The area postrema (AP) of the brainstem, which lacks a functional blood–brain barrier, mediates amylin's anorectic action. The important role of the AP has been demonstrated in lesion studies showing that amylin's anorectic effect is blunted in AP lesioned rats (Lutz et al., 1998, Lutz et al., 2001). A direct action of amylin on AP neurons has been confirmed in electrophysiological studies, in which amylin exerted excitatory effects (Riediger et al., 2001).

Immunohistochemical studies using the immediate early gene product c-Fos as a marker of neuronal activation showed that peripherally applied amylin not only activates the AP, but also the nucleus of the solitary tract (NTS), the lateral parabrachial nucleus (LPB), the central amygdaloid nucleus (Ce) and the lateral subdivisions of the bed nucleus of the stria terminalis (BSTL) (Rowland et al., 1997, Riediger et al., 2004). These brain structures are part of the central gustatory/enteroceptive systems and are mutually interconnected and linked to the hypothalamus, the main integrative center for the control of energy balance (Saper, 2002). Since the amylin-induced c-Fos response in the NTS, LPB and Ce was markedly attenuated in AP-lesioned rats, activation of these neurons seems to be synaptically mediated and secondary to an action of amylin on AP neurons (Rowland and Richmond, 1999, Riediger et al., 2004).

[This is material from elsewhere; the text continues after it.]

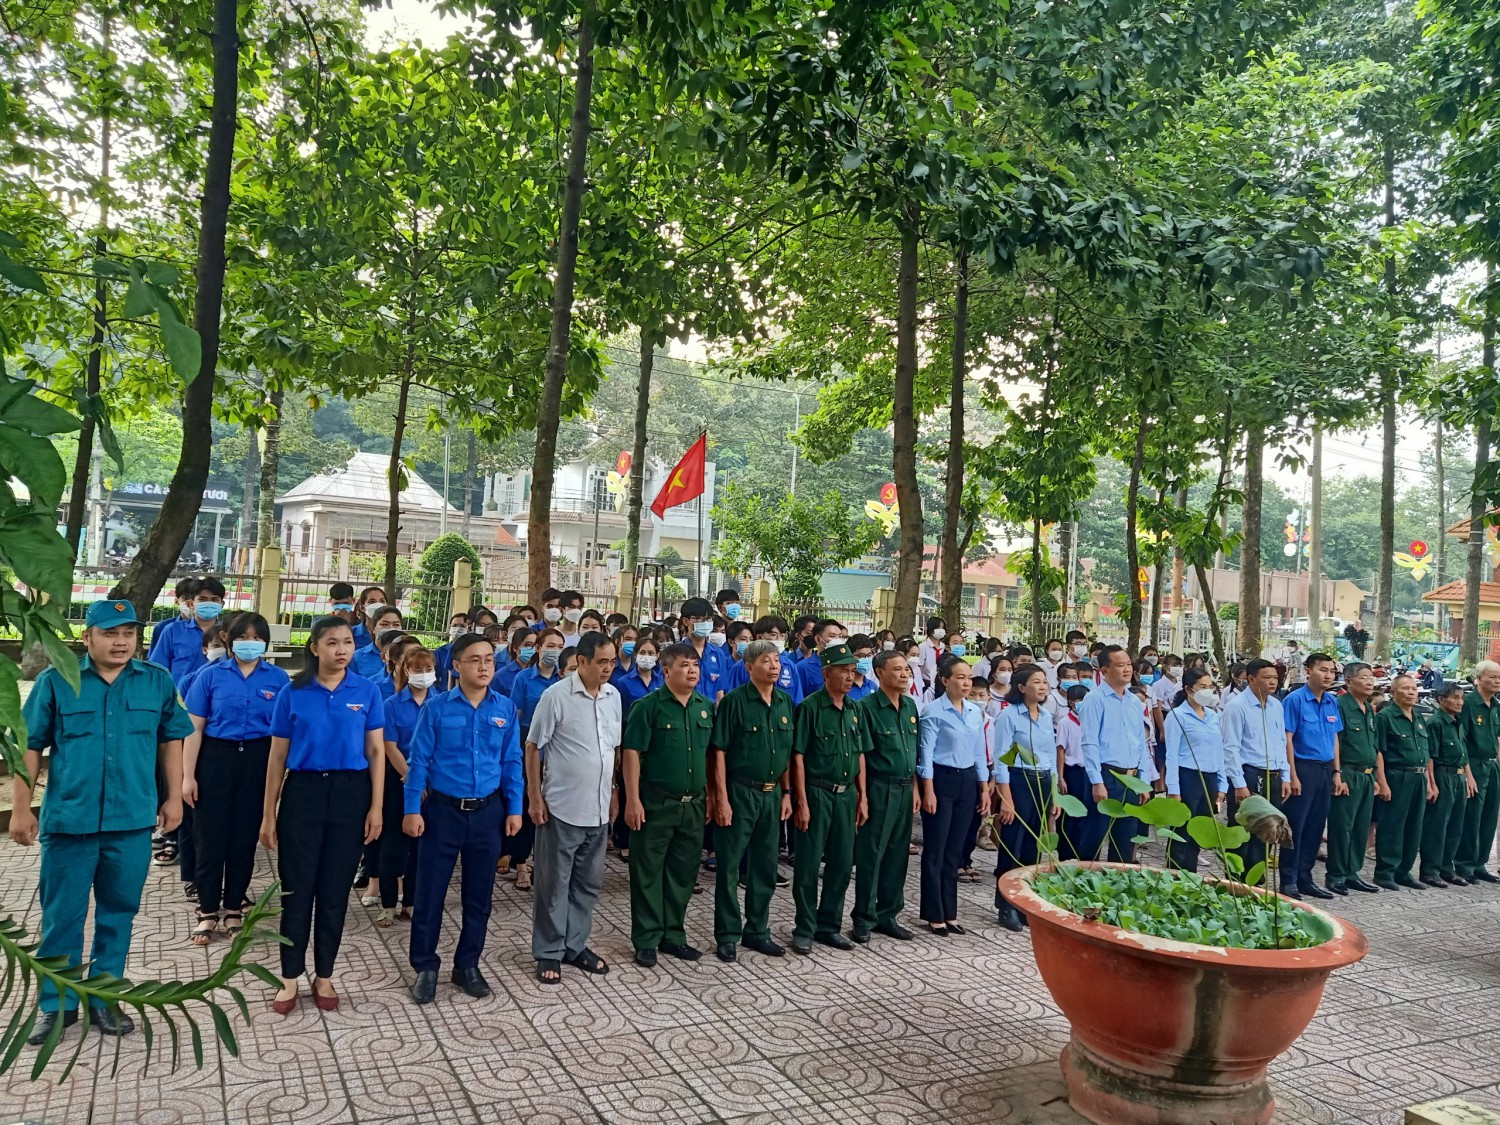 Trường THCS Phú Mỹ tham dự họp mặt ôn lại truyền thống kỷ niệm 75 năm Ngày TBLS (27/7/1947-27/7/2022), tuyên truyền chủ quyền biển đảo, biên giới Việt Nam năm 2022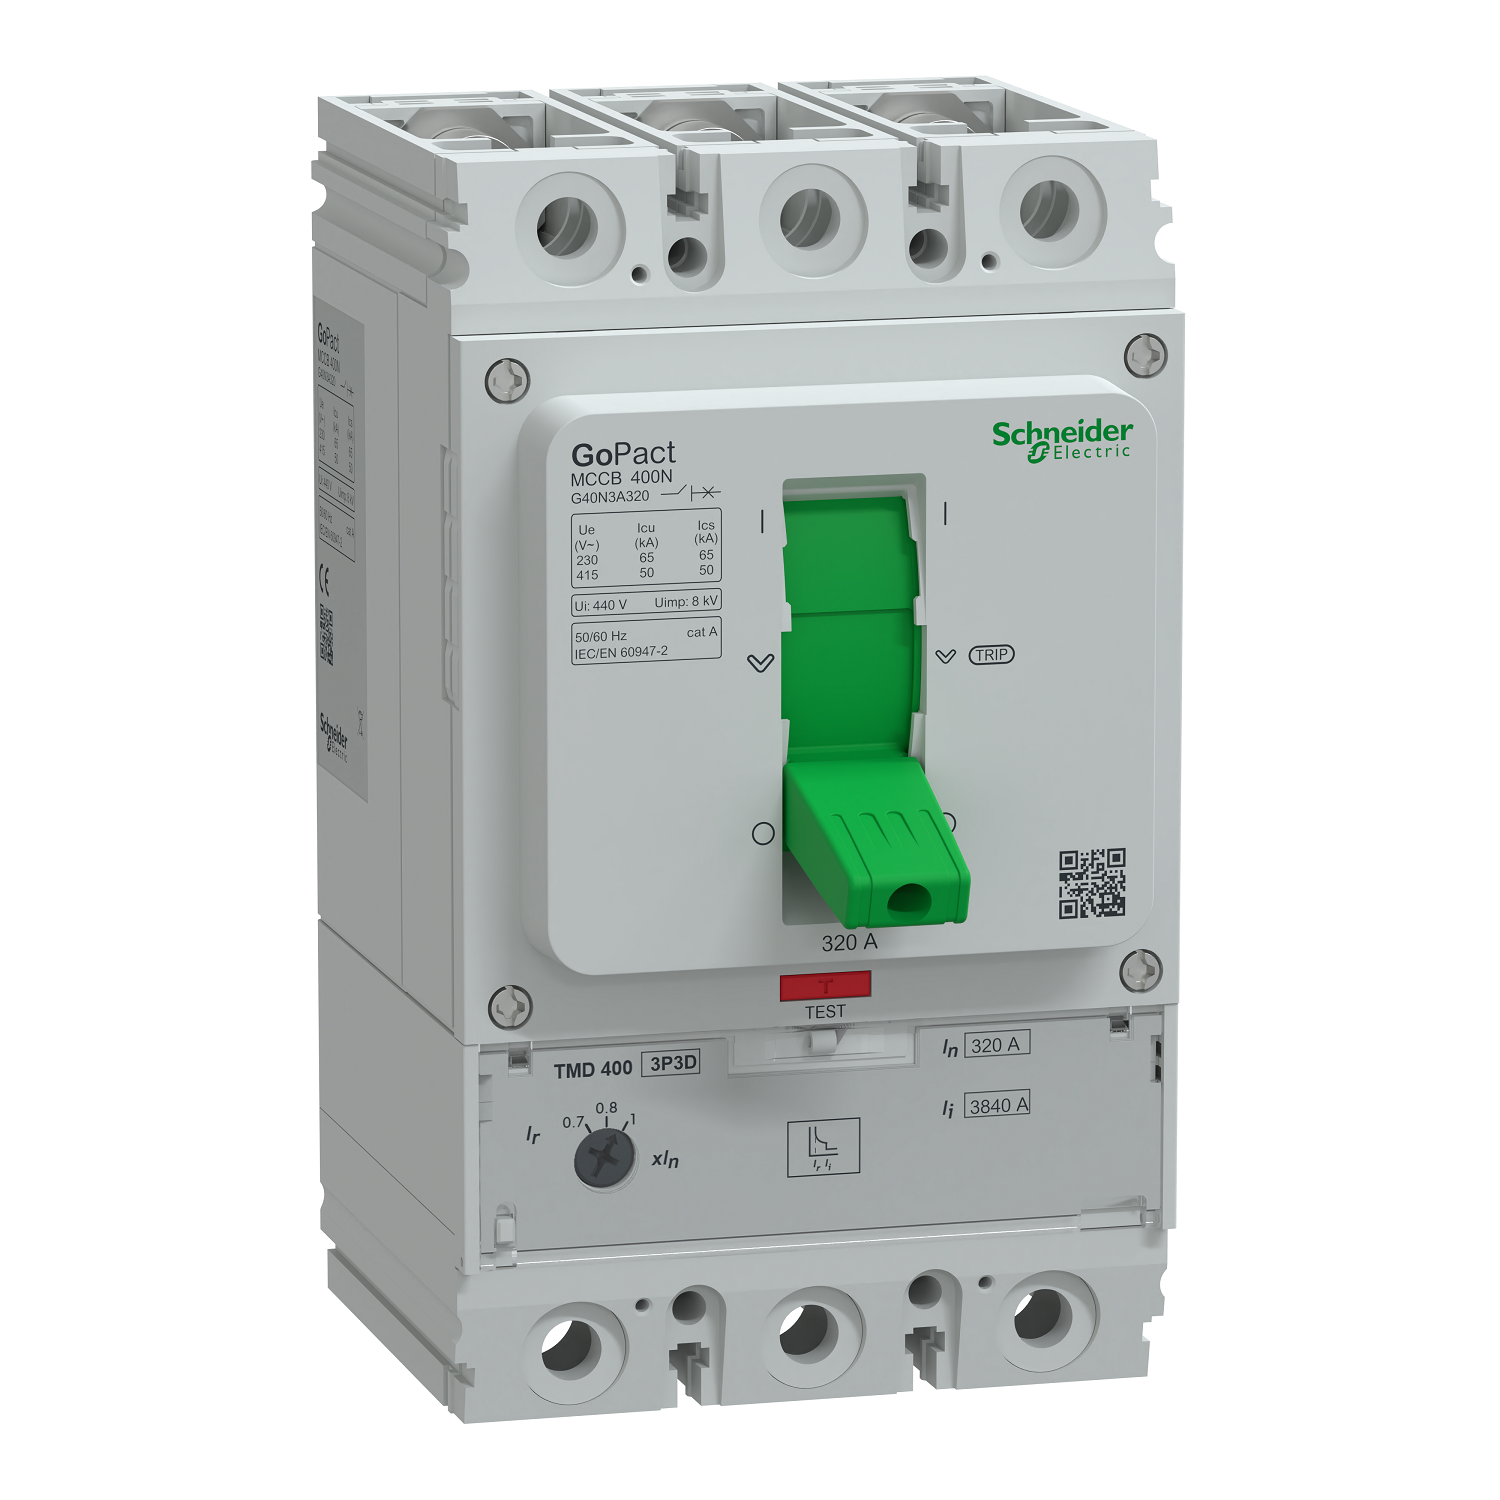 Circuit breaker, GoPact MCCB 400, 3 poles, 50kA at 415VAC, 320A rating, TMD trip unit, adjustable thermal protection

It has been shown that amylin affects hypothalamic centers involved in the control of eating. Amylin and its receptor agonist, salmon calcitonin, decrease the mRNA expression of orexigenic peptides orexin and melanin concentrating hormone (MCH) in the lateral hypothalamic area (LHA) (Barth et al., 2003). In a recent study, we identified a particular group of fasting-activated neurons of unknown neurochemical phenotype that are arranged as a cluster in a defined rostro-dorsal subregion of the LHA, which is termed dLHA in the current work (Riediger et al., 2004). The fasting-induced c-Fos expression in dLHA neurons was attenuated both by refeeding and also by injecting amylin in rats that had no access to food (Riediger et al., 2004). Since amylin administration alone was sufficient to partly reverse the fasting-induced dLHA activation, exogenously applied amylin seems to mimic the ingestion of food, as far as the inhibitory impact on dLHA neurons is concerned. A direct inhibitory influence of amylin on these dLHA neurons is unlikely because the entire LHA is devoid of amylin binding sites (Beaumont et al., 1993, Sexton et al., 1994, van Rossum et al., 1994). Therefore, we hypothesize that the dLHA receives input from amylin-activated neurons of the AP-NTS-LPB-Ce-BSTL axis.

Using retrograde (cholera toxin B, Ctb) and anterograde (biotinylated dextran-amine, BDA) tracing approaches in adult rats, we sought to investigate whether amylin-activated neurons project to the dLHA. To test this we correlated amylin- and fasting-induced c-Fos expression with tracer labeling resulting from local tracer microinjection into the investigated brain nuclei.